Today, he told me he’s finally ready to give up on that dream. “Who knows? I might still do it later. Never say never. But at this point, I’m ready to admit it’s okay if I don’t get to live this dream.”

Never say never. What a great, comforting line. I love parking dreams there. Being a snowboarder. Editing masterful music videos. Moving to Japan. I’ll probably never do any of those things. Probably. But hey, never say never!

Having arrived in our 30s, I think my friends, like me, are starting to realize it’s okay to settle. That, sooner or later, everyone has to settle. You can’t do it all. You can never do it all. But if you have a partner you love, a few good friends, a decent job, and a home you enjoy, what gives? Some things are more important than others, but to most, balance is more important than some things.

So what if most of your bucket list stays in the bucket until you kick it? As long as you have no regrets about how you spent the majority of the time you had while you were here, not having spent certain bits of it on certain things won’t matter — but hey, never say never!

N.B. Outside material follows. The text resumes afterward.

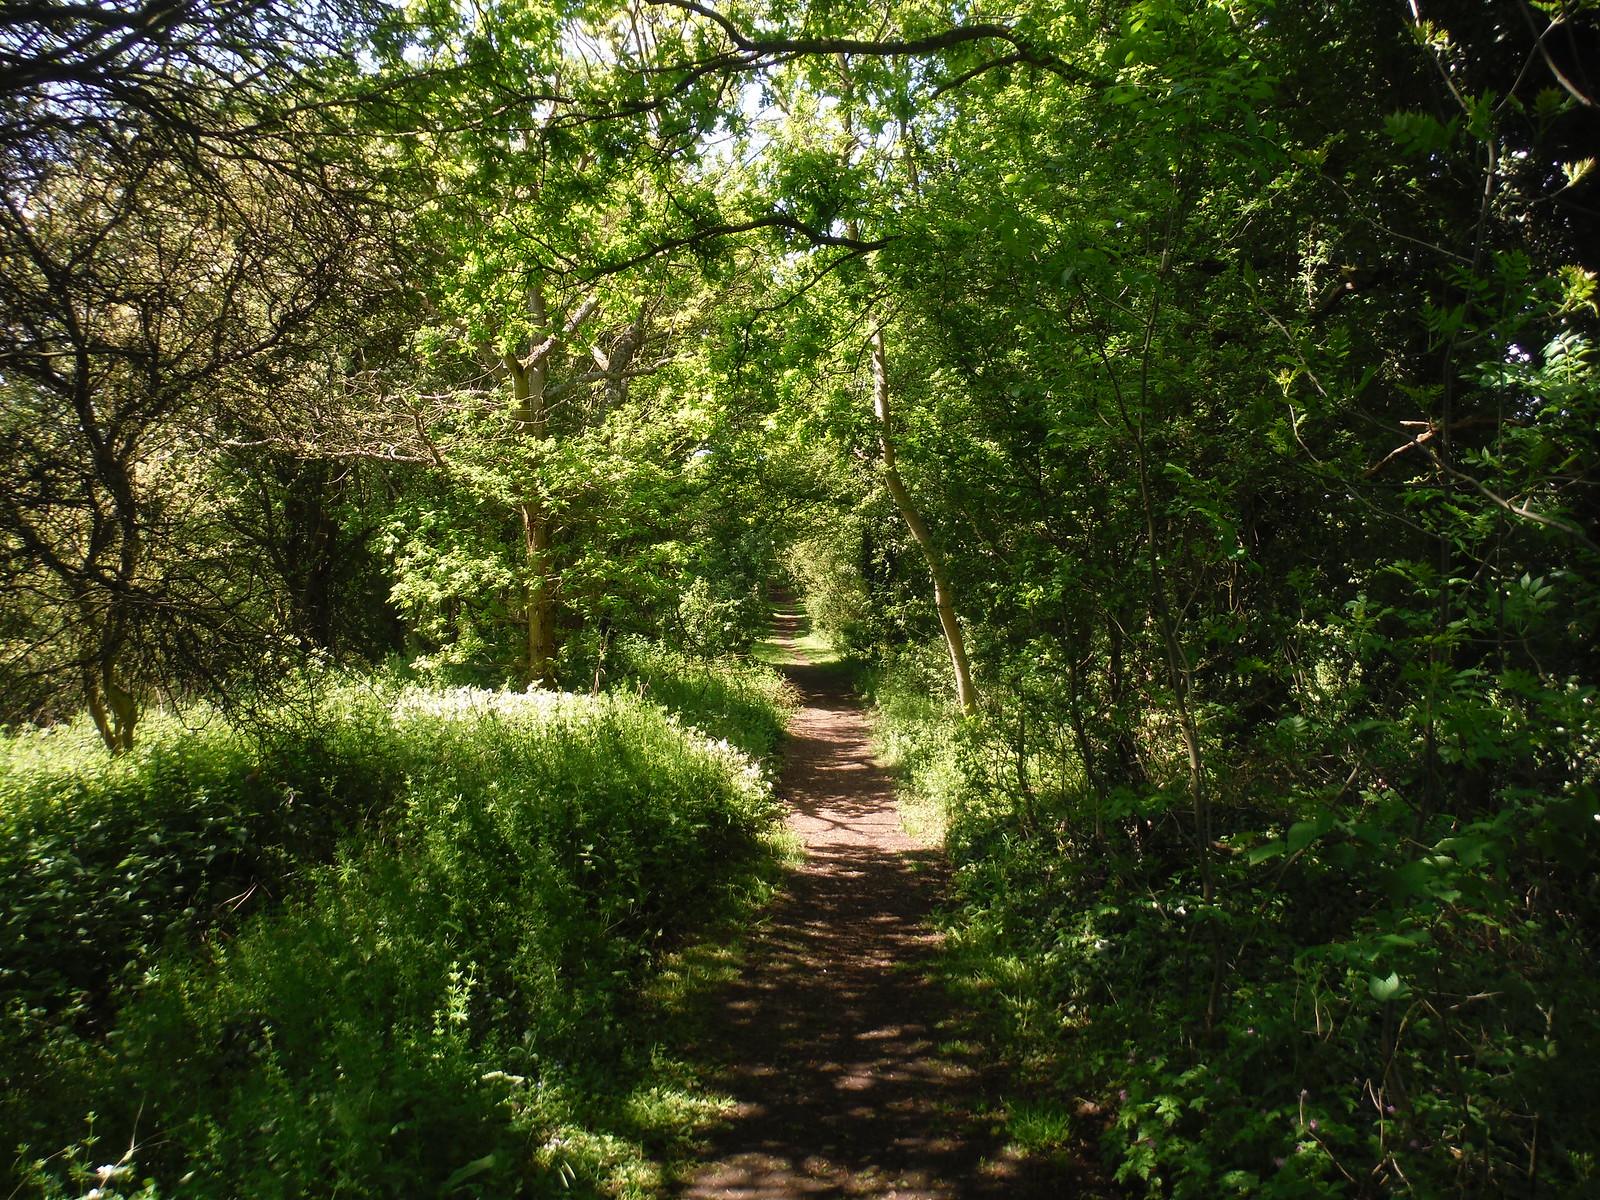 Course of Dismantled Railway (Oxford-Thame-Princes Risborough) SWC Walk 190 - Thame Circular (Extension)

No one knows which turn their life will take next, and parked dreams may still turn on even long after you turned off the lights in the garage.

There Is Only One Team

When you run a book summary website, it’s easy to think every other book summary site is your competitor. They’re not. What we are is one team, one group of people trying to provide faster access to information while also encouraging others to read more. The point is not to get people to read your book summaries, not theirs; it is to get more people to read more book summaries — both yours and theirs.

Whether you’re worried about your coworker stealing your promotion, your bandmate hogging the spotlight, or your competitor taking your market share, remember: There is only one team, and we’re all on it. You are. I am. So is your neighbor, your son’s principal, and the cleaner at your company’s Iceland office.

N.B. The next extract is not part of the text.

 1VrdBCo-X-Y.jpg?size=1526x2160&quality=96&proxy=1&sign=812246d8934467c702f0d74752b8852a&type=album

The only way we truly win is together, not at each other’s expense. See the big picture, and clap for your competition. In time, we’ll all have our hands on the same trophy, and it’ll feel even better than lifting it alone.

After You Ship

When I publish a list of the best philosophy books on Four Minute Books, the writing process is satisfying. It’s a lot of work, but I can just type, type, type and then release the work with almost no edits. If I work on a list for multiple days, I can go to bed each day knowing what I’ve achieved. Two thousand words, four thousand words, six thousand words — however many they may be, I’ll be exhausted but satisfied, tired but happy.

After I publish, however, the satisfaction fades as quickly as the days on which I manufactured it. The list is just a list — a useful document, perhaps even a fun one, but nothing that ignites the soul. Something worth looking up but not remembering.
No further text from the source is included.